_PROBLEM_
Everything from the line with "Bol Com Diono" to the line with "Vector Image Eps8" in the listing below, both lines included, needs to be copied exactly, apart from the pictures.

_MATERIAL FOR THIS TASK_
---

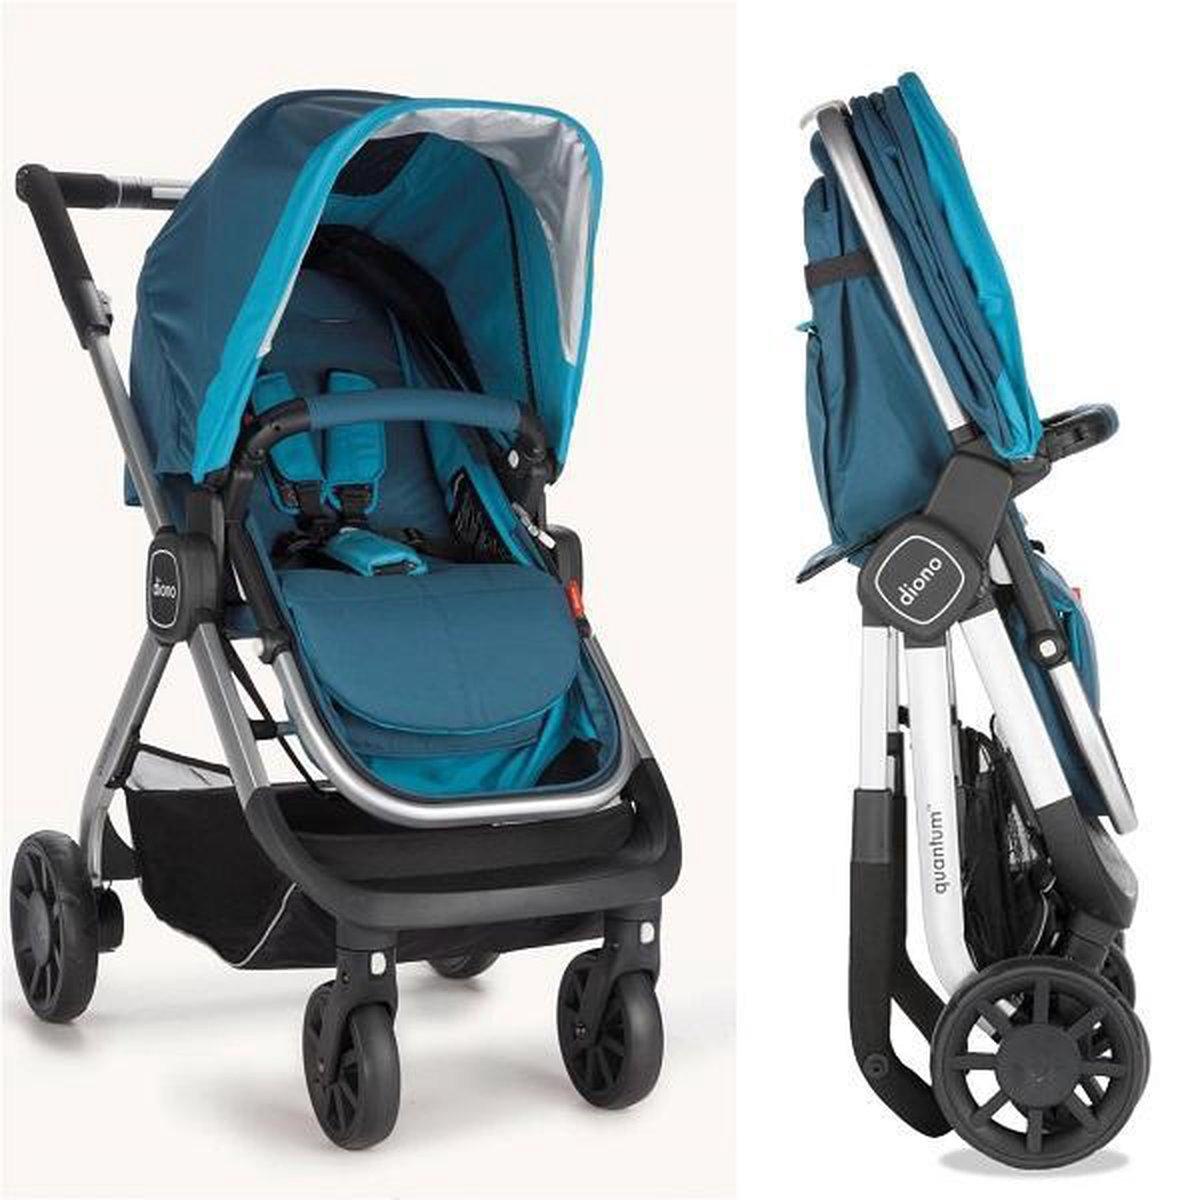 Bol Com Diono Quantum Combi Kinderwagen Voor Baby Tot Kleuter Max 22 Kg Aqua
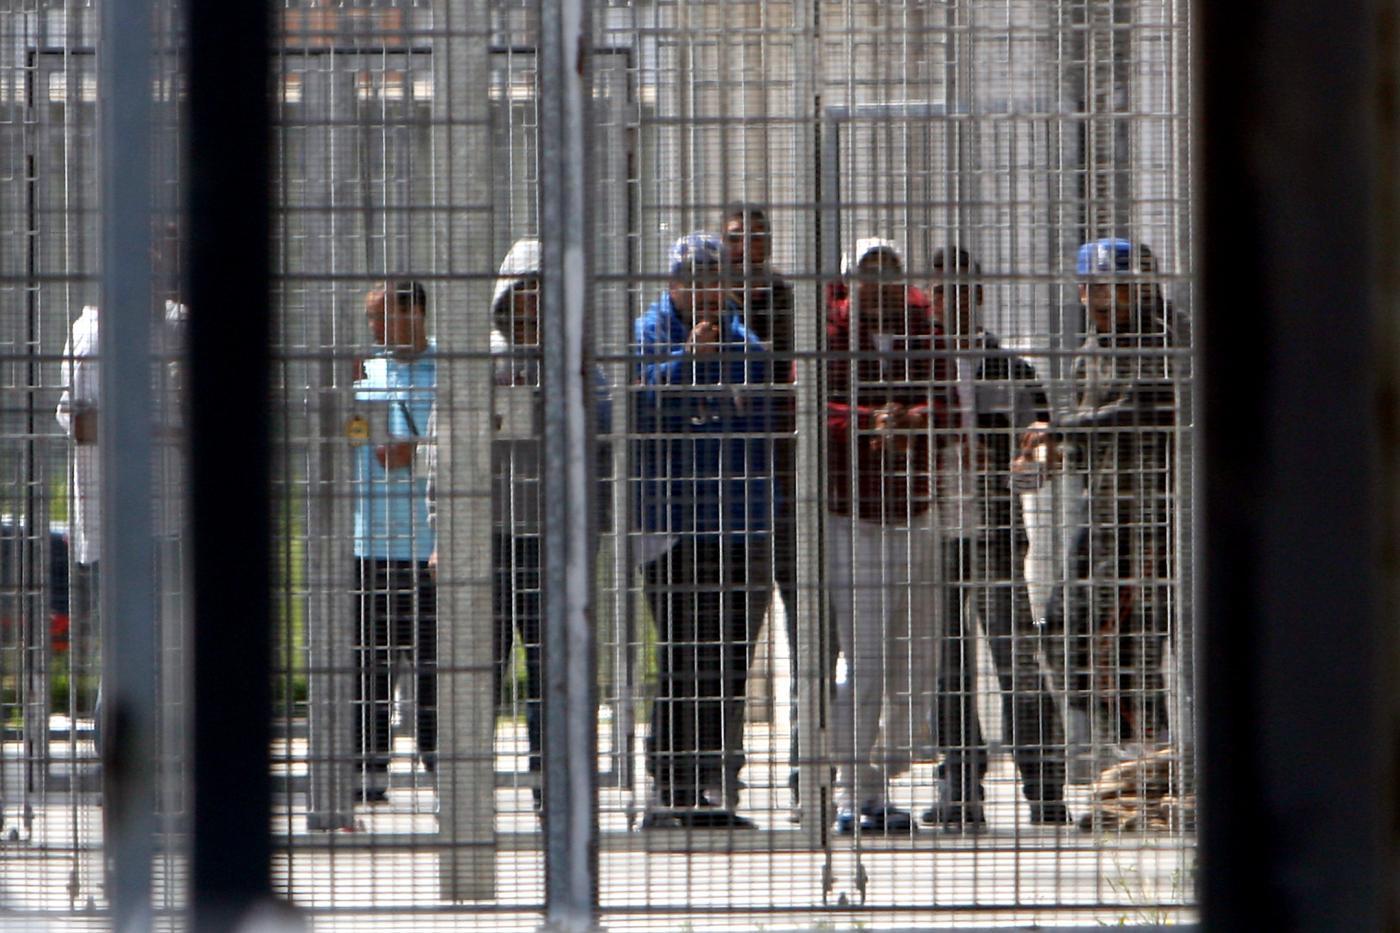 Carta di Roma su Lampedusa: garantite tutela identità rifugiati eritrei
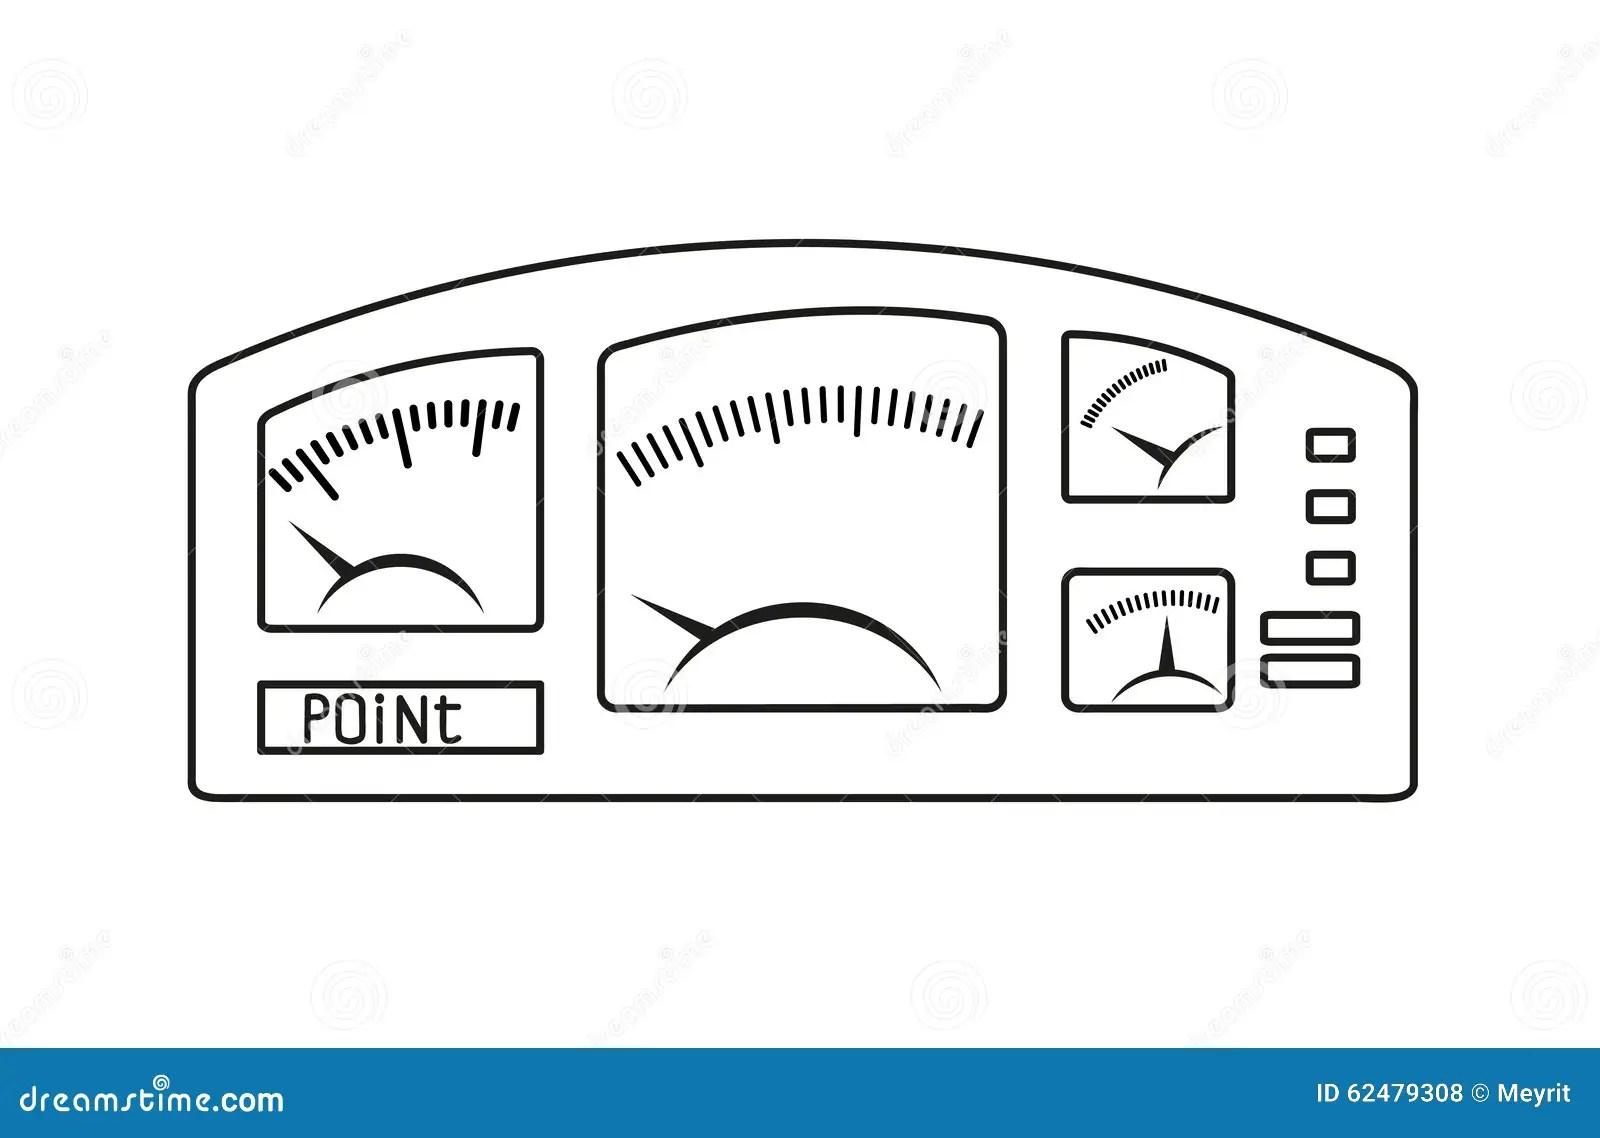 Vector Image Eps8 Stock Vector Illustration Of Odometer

---

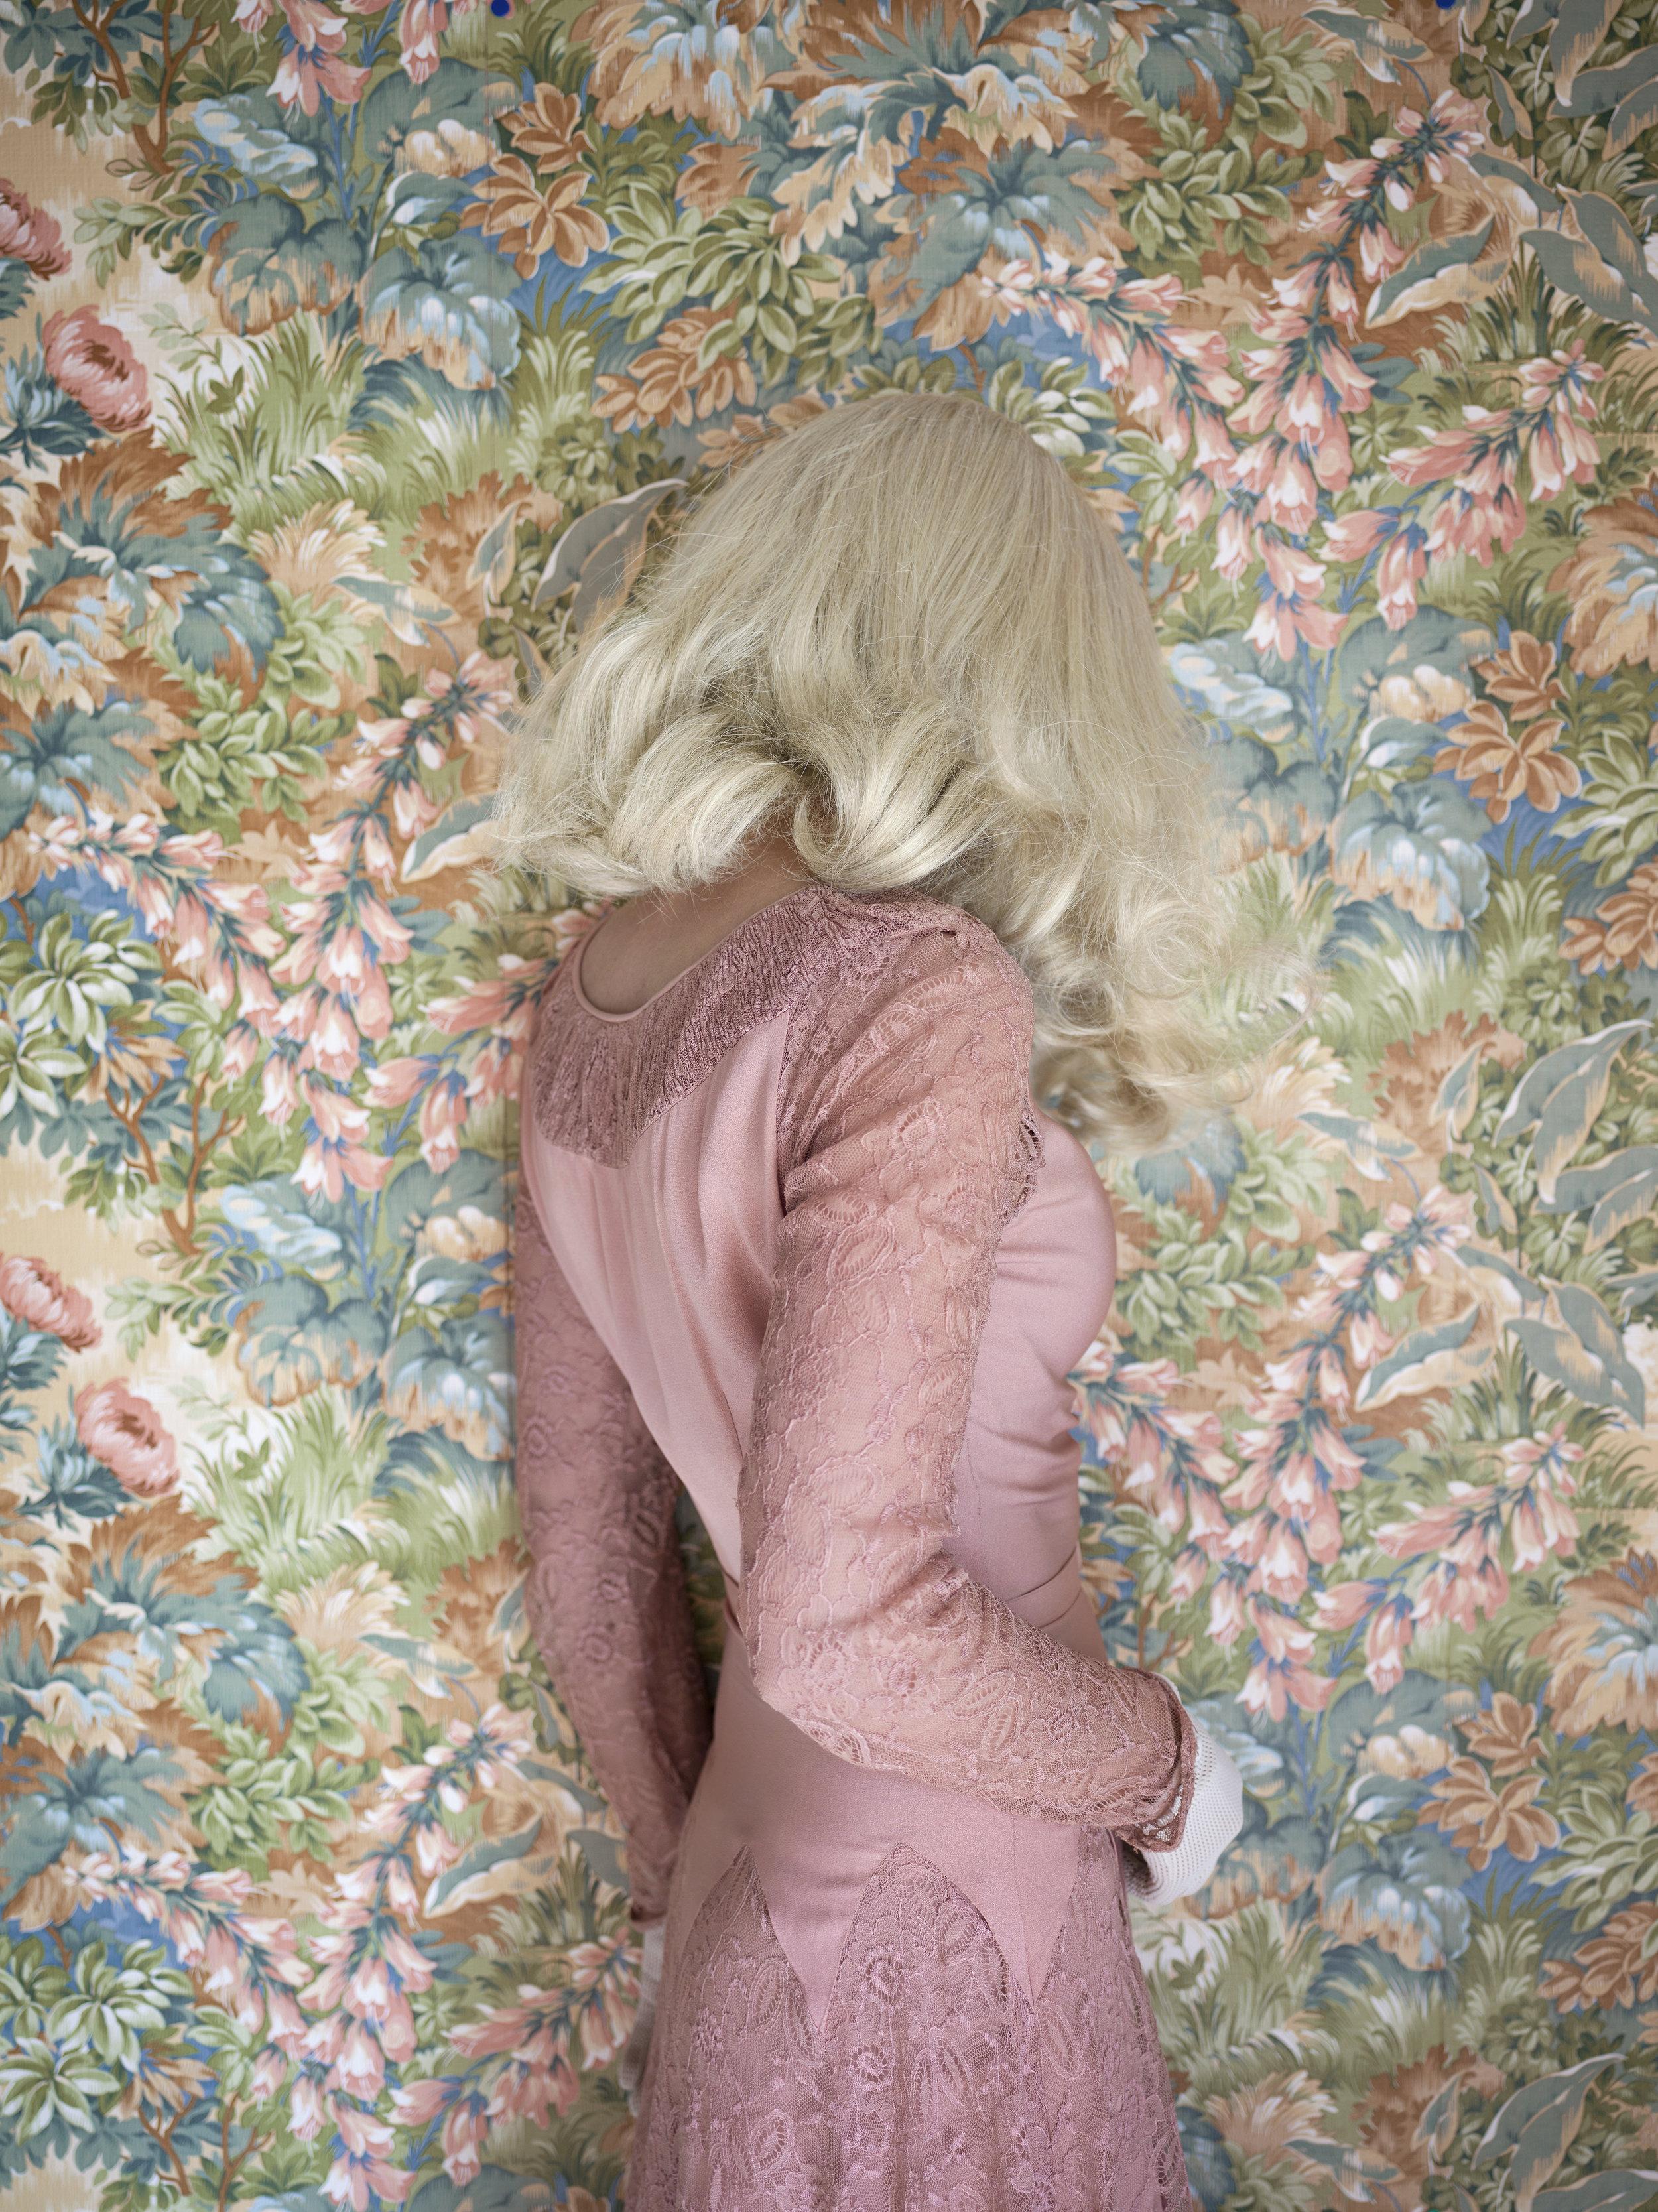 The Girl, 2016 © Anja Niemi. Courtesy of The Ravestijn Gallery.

---

_RESPONSE BELOW_
 Bol Com Diono Quantum Combi Kinderwagen Voor Baby Tot Kleuter Max 22 Kg Aqua
 Carta di Roma su Lampedusa: garantite tutela identità rifugiati eritrei
 Vector Image Eps8 Stock Vector Illustration Of Odometer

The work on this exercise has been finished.